File and Directory Selection#

-r 递归搜索目录,遍历查找指定目录及其子目录下的所有文件。

# 递归遍历查找指定目录及其子目录下的所有文件
  -R, -r, --recursive       Recursively search subdirectories listed.

# 将二进制文件当做文本文件处理
  -a, --text                equivalent to --binary-files=text

# 忽略二进制文件,不予查找
  -I      Ignore binary files.  This option is equivalent to --binary-file=without-match option.

# 针对目录的行为,-d recurse 等效于 -r
  -d action, --directories=action
          Specify the demanded action for directories.  It is 'read' by default, which means that the
          directories are read in the same manner as normal files.  Other possible values are 'skip' to
          silently ignore the directories, and 'recurse' to read them recursively, which has the same
          effect as the -R and -r option.

# 指定要搜索的文件名称模式,--exclude 优先 --include
  --include=GLOB
          If specified, only files matching the given filename pattern are searched.  Note that --exclude
          patterns take priority over --include patterns.  Patterns are matched to the full path speci-
          fied, not only to the filename component.

# -R 递归模式,只匹配符合名称模式的文件夹,进入搜索。linux下没有该选项。
  --include-dir
          If -R is specified, only directories matching the given filename pattern are searched.  Note
          that --exclude-dir patterns take priority over --include-dir patterns.

# 指定要排除搜索的文件名称模式,--exclude 优先 --include
  --exclude=GLOB
          If specified, it excludes files matching the given filename pattern from the search.  Note that
          --exclude patterns take priority over --include patterns, and if no --include pattern is speci-
          fied, all files are searched that are not excluded.  Patterns are matched to the full path
          specified, not only to the filename component.

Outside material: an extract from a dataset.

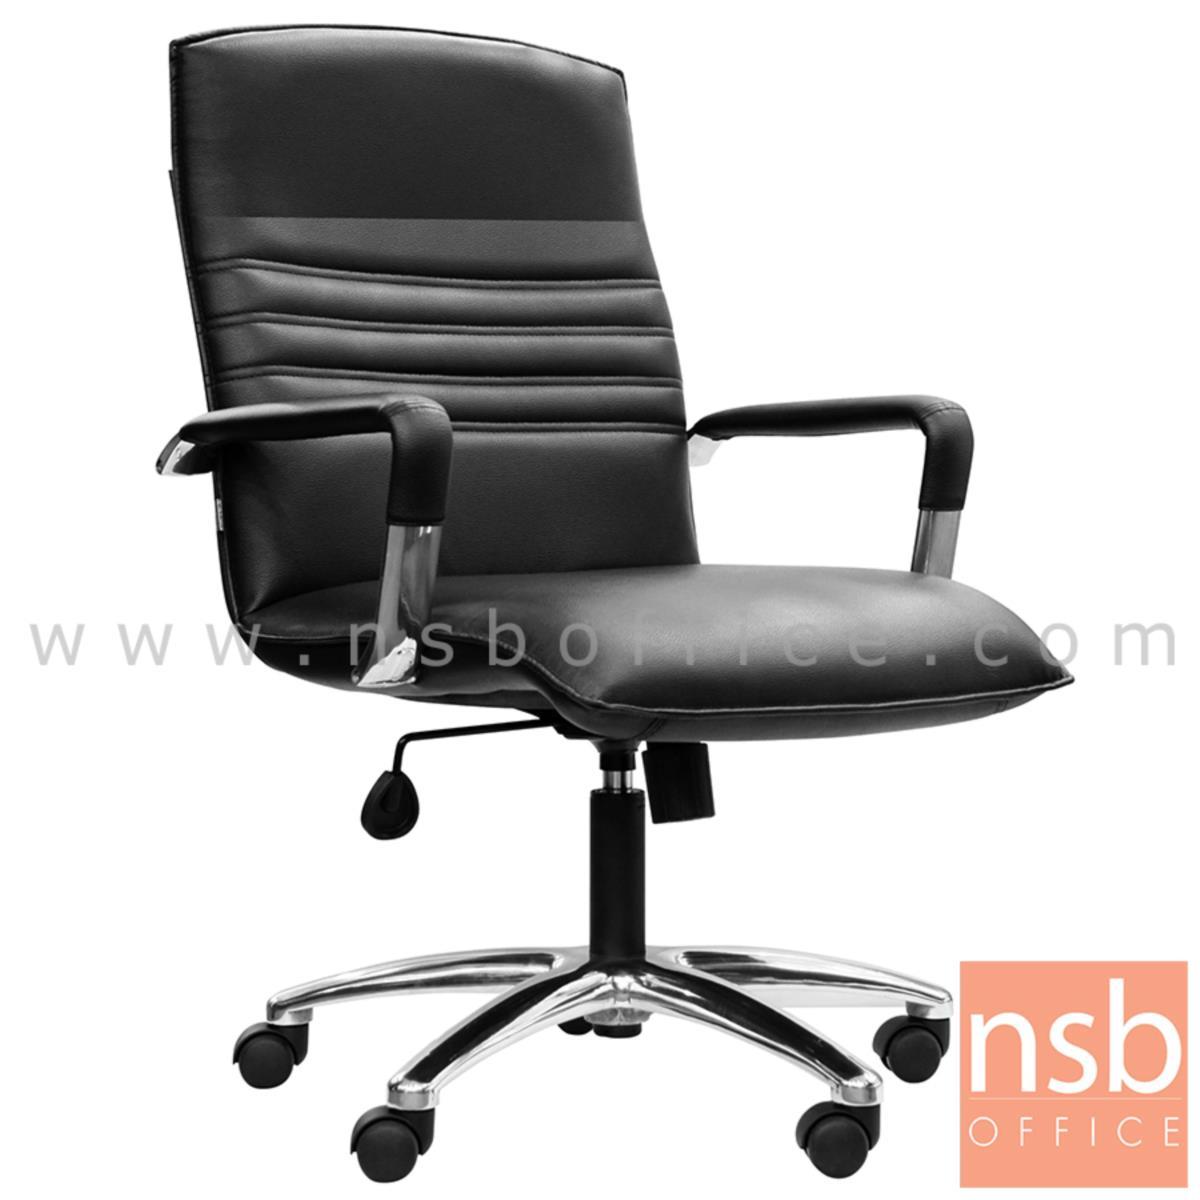 B26A135:เก้าอี้สำนักงาน รุ่น  CR 3/AC  มีก้อนโยก ขาอลูมิเนียม

# -R 递归模式,排除符合名称模式的文件夹,不进入搜索
  --exclude-dir=GLOB
          If -R is specified, it excludes directories matching the given filename pattern from the
          search.  Note that --exclude-dir patterns take priority over --include-dir patterns, and if no
          --include-dir pattern is specified, all directories are searched that are not excluded.

# 关于符号链接软链的处理
    -p      If -R is specified, no symbolic links are followed.  This is the default.
    -O      If -R is specified, follow symbolic links only if they were explicitly listed on the command
            line.  The default is not to follow symbolic links.
    -S      If -R is specified, all symbolic links are followed.  The default is not to follow symbolic
            links.

Examples#

basic#

To find all occurrences of the word patricia in a file:

$ grep 'patricia' myfile

To find all occurrences of the pattern .Pp at the beginning of a line:

$ grep '^\.Pp' myfile

The apostrophes ensure the entire expression is evaluated by grep instead of by the user's shell.
The caret ^ matches the null string at the beginning of a line, and the \ escapes the ., which would
otherwise match any character.

从最近100条日志中查找 fan 提交的记录:

svn log -l 100 | grep fan
svn log --search fan -l 100

git-log 的 --grep 选项支持过滤提交日志:

git log -100 --author=fan --grep='文件' --stat

ls-grep#

ls -al | grep '^d':过滤出 ls 结果中以 d 开头的(即文件夹)。

递归查找当前目录下所有包含 git 冲突起始标记的文件:

grep -lr '<<<<<<<' .
grep -lr '<<<<<<<' . | xargs git checkout --theirs

递归扫描当前目录下所有文件,执行 file 命令查看文件信息,然后 grep 过滤出编码为 ISO-8859 的文件个数:

find . -type f -exec file {} \; | grep -c 'ISO-8859'
15

find-grep#

linux - How to find binary files in a directory? - Stack Overflow
find - Finding all "Non-Binary" files - Unix & Linux Stack Exchange

以下示例在当前目录下查找名称为 src 的子目录,并在所有子目录下,执行 grep 查找包含 XPTask 的文件。

# -r 递归查找
# -I 忽略二进制文件
# -m10 只查找前10条
# --exclude 排除特殊后缀的文件
find . -type d -name src | xargs grep -rIm10 --exclude="*.o" --exclude="*.o.d" 'XPTask'

grep -rIL . 递归查找不匹配的二进制位文件,管传给 xargs 作为 rm 的参数,即删除找到的二进制文件。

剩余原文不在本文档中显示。